An everlasting love
God's word through Jeremiah
Jeremiah is mostly a hard book — a prophet weeping over a nation marching toward judgment and exile. But in the middle of it comes a chapter of pure tenderness, where God speaks to his battered, unfaithful people not in anger but in love. And the love he describes has no beginning and no end.
I have loved you with an everlasting love, he says; therefore with lovingkindness I have drawn you. Notice the order. The love came first. The drawing — every nudge toward God you have ever felt, every desire for him, every return after wandering — was not the cause of his love but its result. He did not begin to love you when you began to seek him. He drew you because he already, always, had.
An everlasting love is one you cannot start by your goodness or stop by your failure, because it does not depend on you at all. It runs from everlasting, before you existed, to everlasting, after every other thing has passed away.
“Yes, I have loved you with an everlasting love; therefore with lovingkindness I have drawn you.”
— The LORD, through Jeremiah — Jeremiah 31:3 (WEB)
Rest in a love that began before you existed and cannot be switched off by your failure — it is everlasting, and aimed at you.
“It is because of the LORD's loving kindnesses that we are not consumed, because his compassion doesn't fail. They are new every morning; great is your faithfulness.”
We believe God's love rises and falls with our performance, so we feel beloved on our good days and rejected on our bad ones. The interior work is to relocate the source of his love from your behavior to his nature — to grasp that an everlasting love neither began with your goodness nor ends with your failure — and to let that steady, unearned love hold you on the days you feel least lovable.
On a day you fail or feel distant this week, deliberately preach the everlasting love to yourself: God's love for me did not start today and will not stop today. Receive his mercy as new this morning, not earned by yesterday.
The flesh keeps tying God's love to your performance, so every failure feels like withdrawal and every good day like a bribe that buys it back. But an everlasting love began before you existed and will not switch off when you stumble — a love that never depended on you cannot be threatened by you.
We instinctively believe God's love for us rises and falls with our performance — warmer on the days we pray well and resist temptation, cooler on the days we fail. It is one of the deepest and most persistent lies about him. An everlasting love did not switch on when you got serious about God, and it will not switch off when you stumble tomorrow.

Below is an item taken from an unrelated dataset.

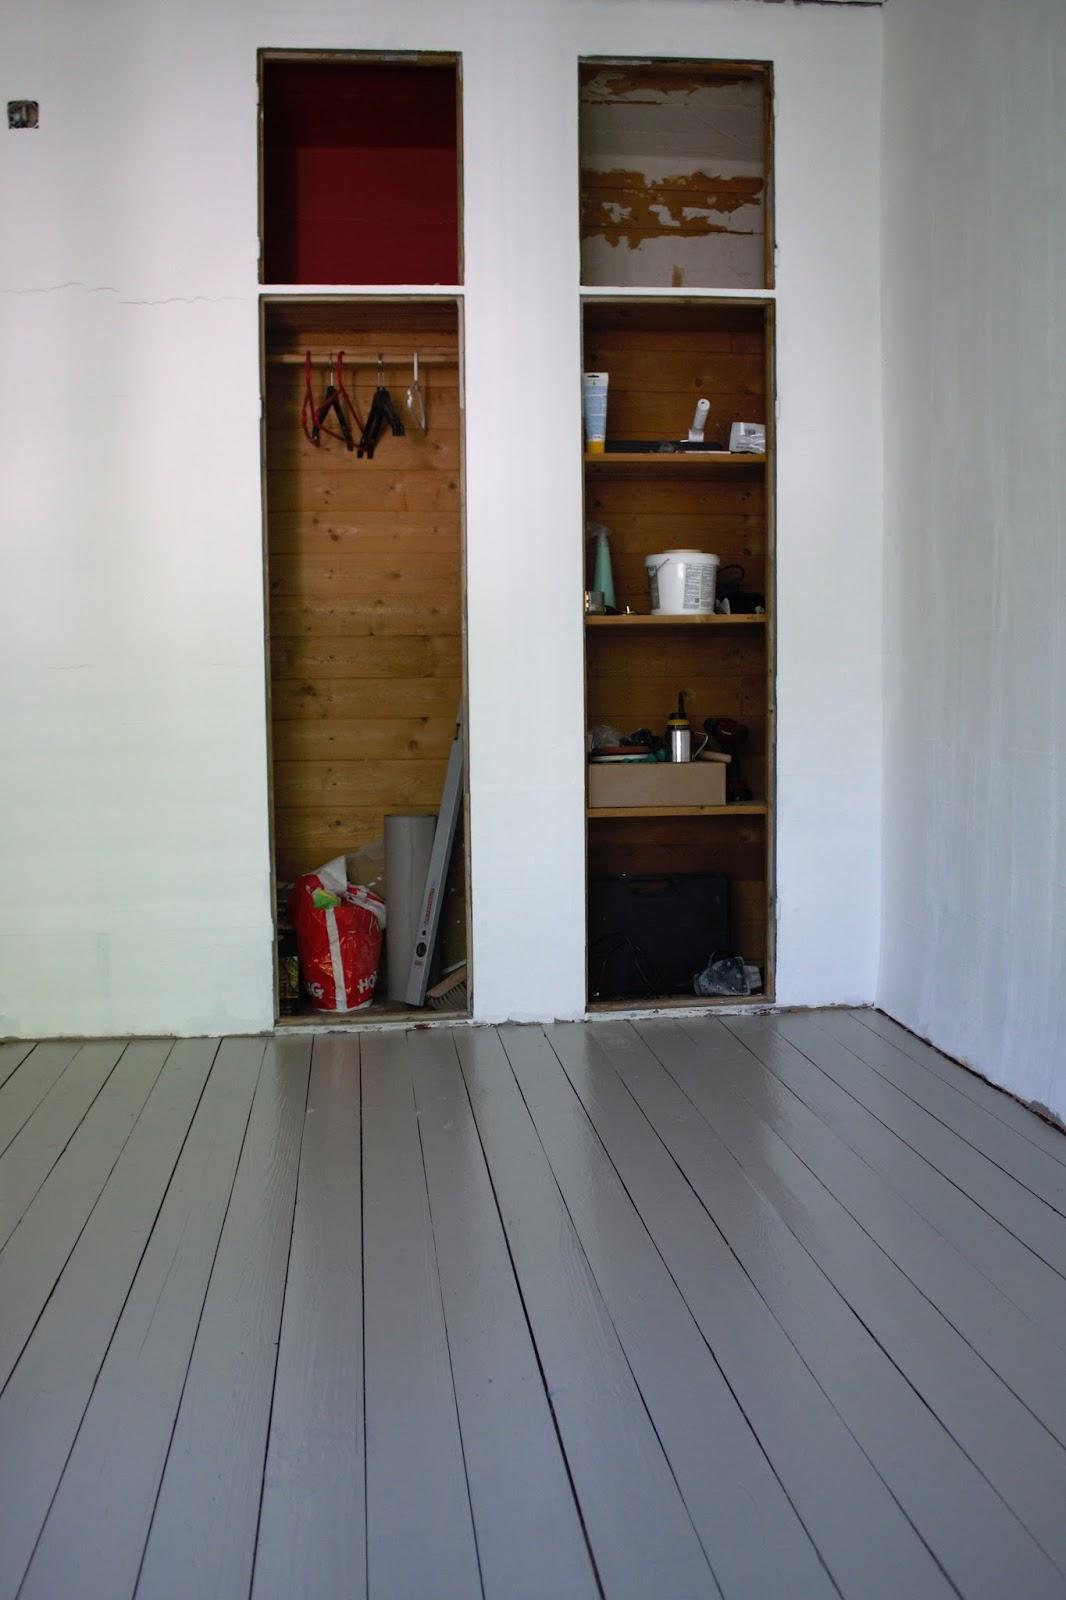 lautalattiat, lumppupaperi, maalattu lattia, pönttöuuni, rintamamiestalo, remontti
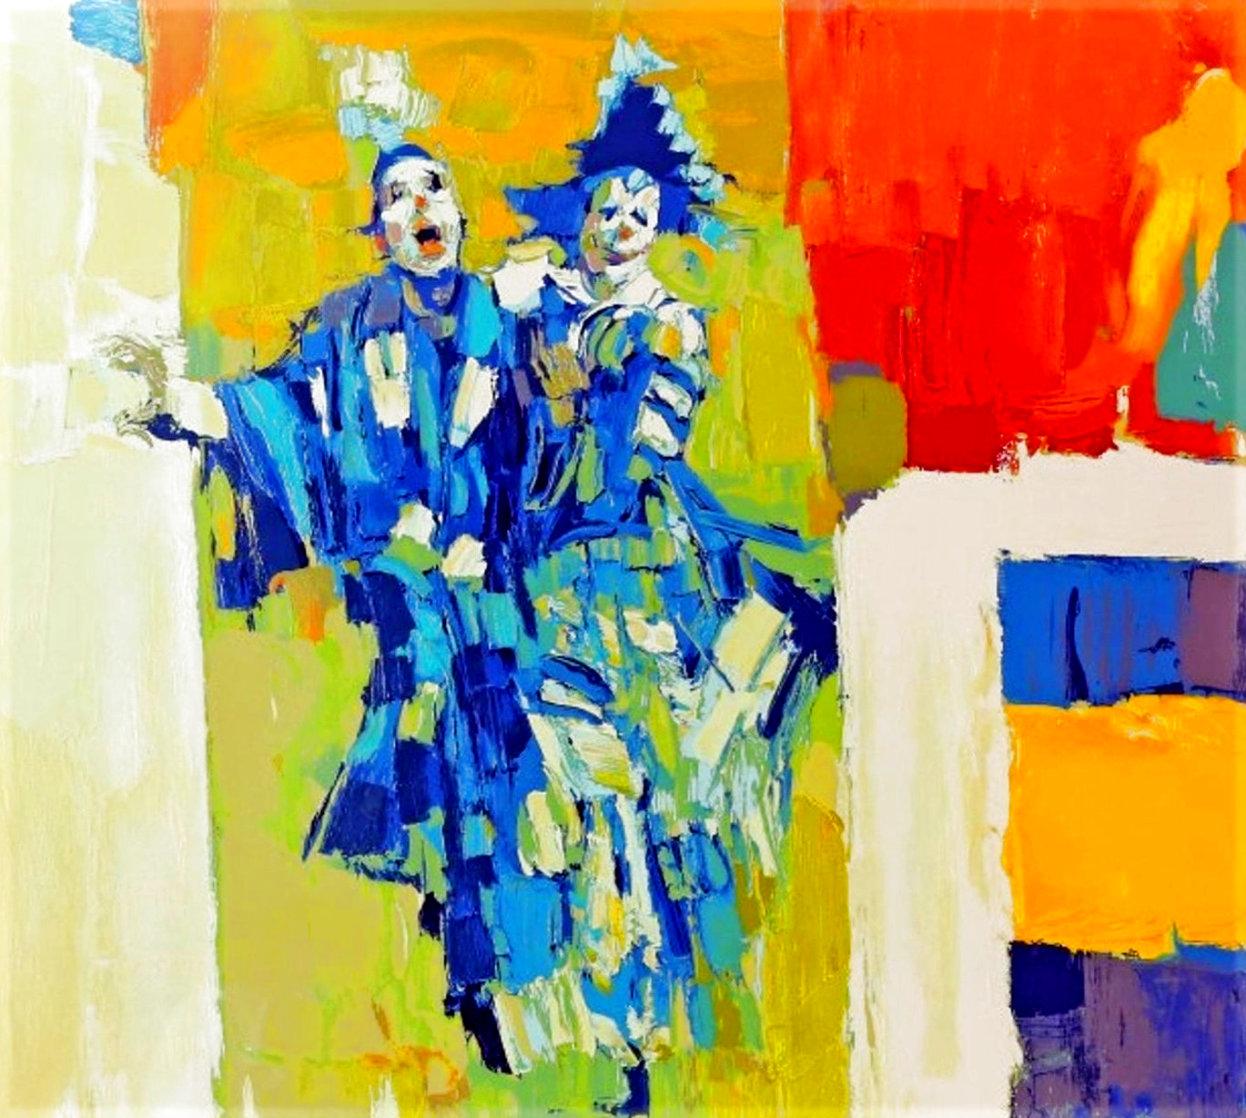 Deux Clowns 1979 Limited Edition Print by Nicola Simbari

The drawing you feel toward him today is itself the evidence: you are being loved, right now, by a love that was loving you before the foundation of the world. You did not earn your way into it and you cannot fail your way out of it. It is, quite simply, everlasting — and it is aimed at you.
- Do I believe God's love for me rises and falls with my performance?
- Where am I trying to earn a love that is already everlasting?
- What would change if I knew I could not fail my way out of his love?
Lord, you have loved me with an everlasting love, before I was and after all else passes away. Steady my heart in a love I cannot earn or lose. Amen.